Release Date: 8/4/2025
Version: 1.0
Model Developers: 2imi9

This model is a quantized version of Qwen/Qwen3-1.7B. It was evaluated on several tasks to assess its quality in comparison to the unquantized model.

Deployment

Use with vLLM

This model can be deployed efficiently using the vLLM backend, as shown in the example below.

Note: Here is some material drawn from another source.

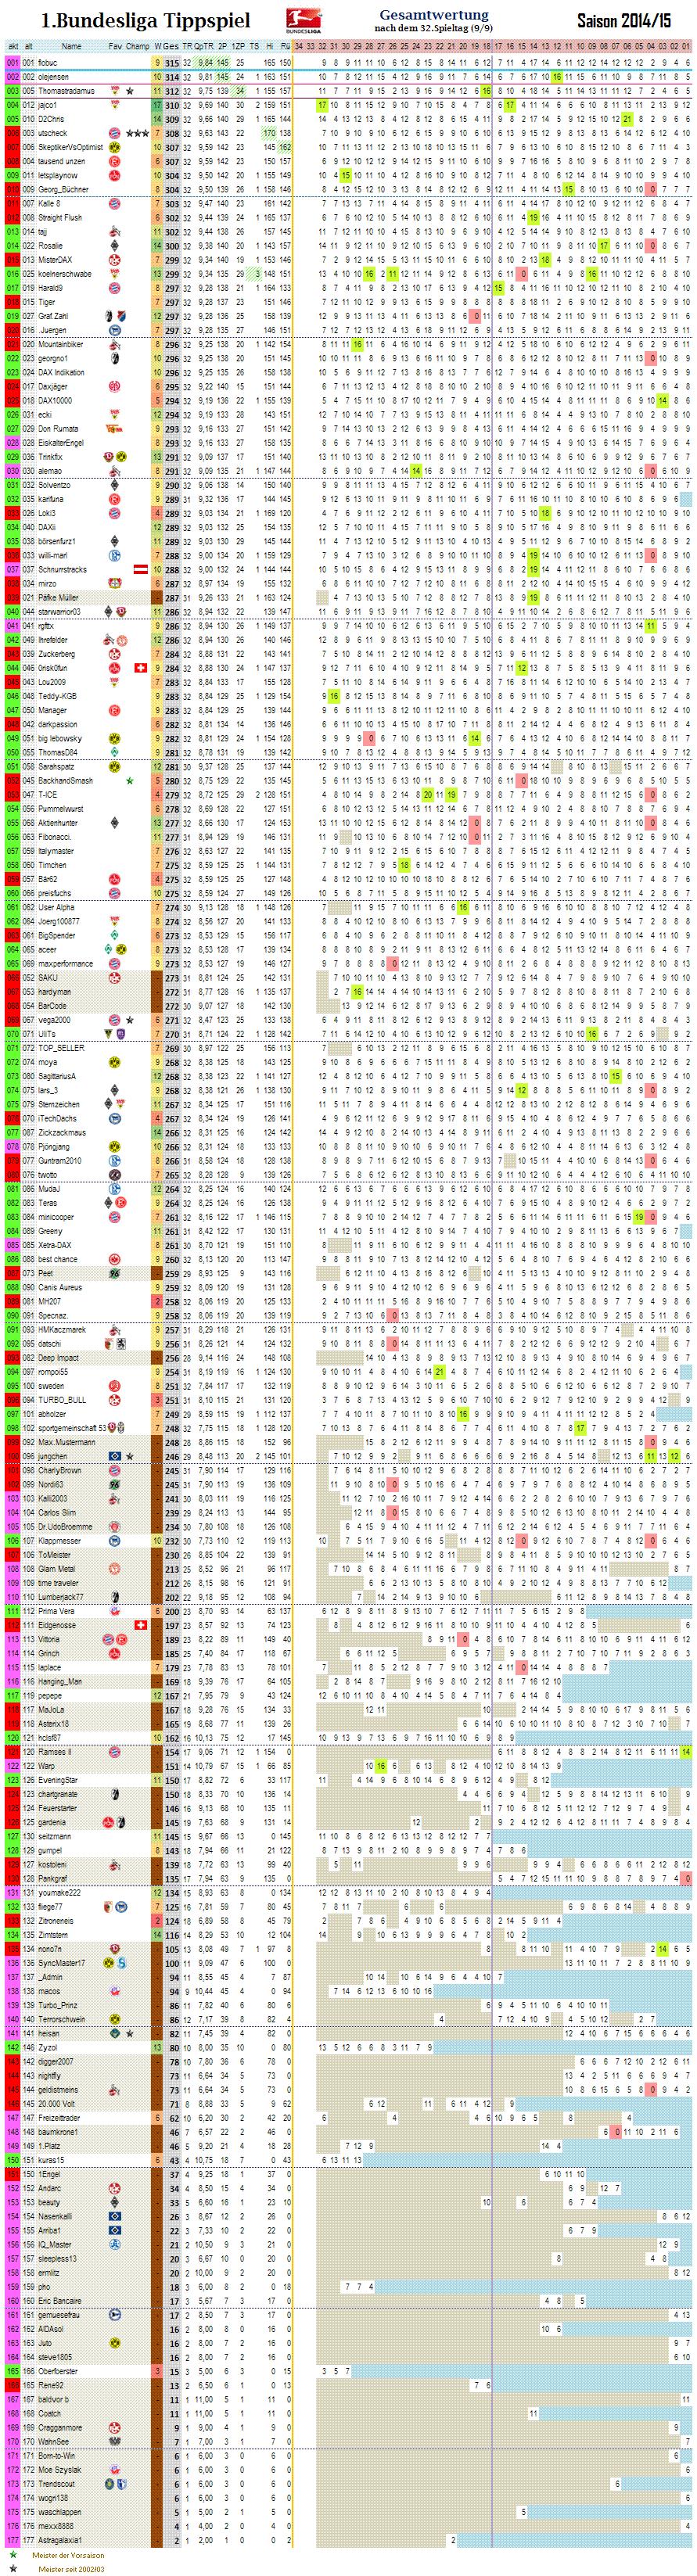 1bl_gesamtwertung_32.png

from vllm import LLM, SamplingParams
from transformers import AutoTokenizer

model_id = "path/to/Qwen3-1.7B-NVFP4A16"
number_gpus = 1

sampling_params = SamplingParams(temperature=0.6, top_p=0.9, max_tokens=256)

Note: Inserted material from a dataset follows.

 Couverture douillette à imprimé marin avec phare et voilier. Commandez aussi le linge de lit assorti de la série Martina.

tokenizer = AutoTokenizer.from_pretrained(model_id, trust_remote_code=True)

messages = [
    {"role": "system", "content": "You are a helpful assistant."},
    {"role": "user", "content": "Who are you?"},
]

prompts = tokenizer.apply_chat_template(messages, add_generation_prompt=True, tokenize=False)

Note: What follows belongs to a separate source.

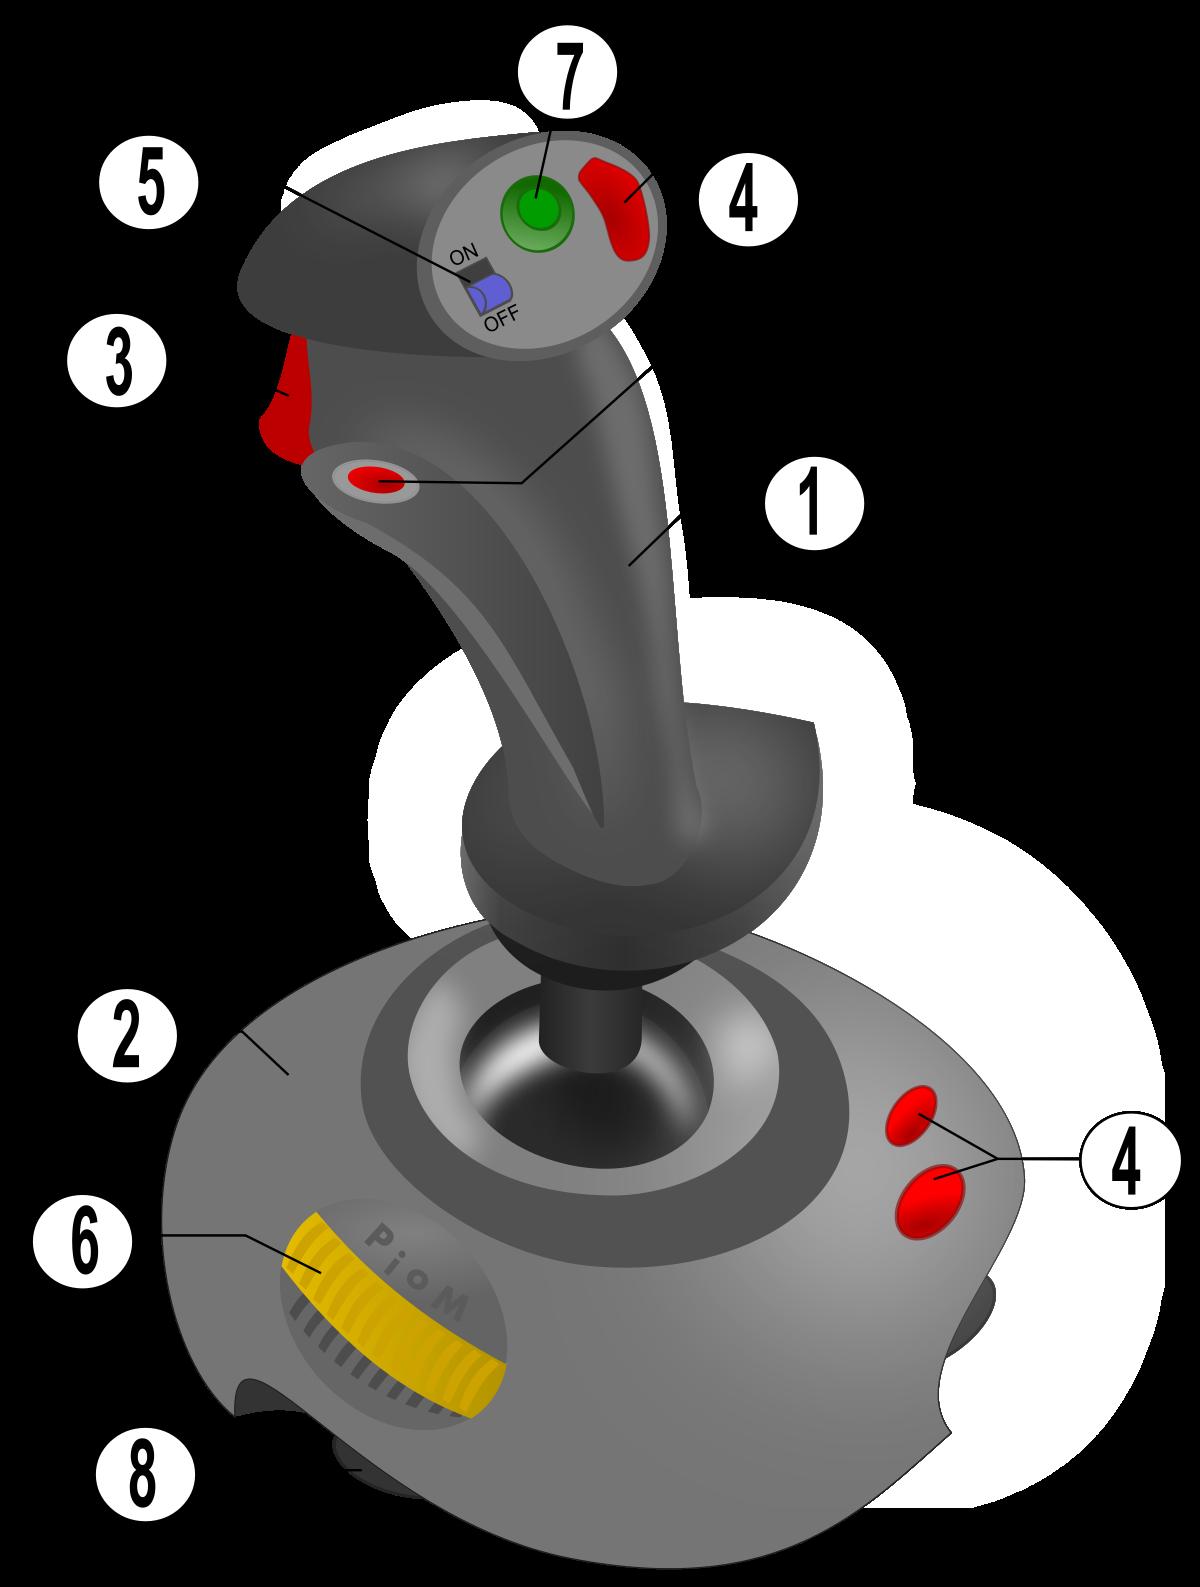 Image d'un joystick

llm = LLM(model=model_id, tensor_parallel_size=number_gpus)

outputs = llm.generate(prompts, sampling_params)

generated_text = outputs[0].outputs[0].text
print(generated_text)

vLLM also supports OpenAI-compatible serving. See the documentation for more details.

Creation

This model was created by applying LLM Compressor with post-training quantization (PTQ) without calibration samples, as presented in the code snippet below.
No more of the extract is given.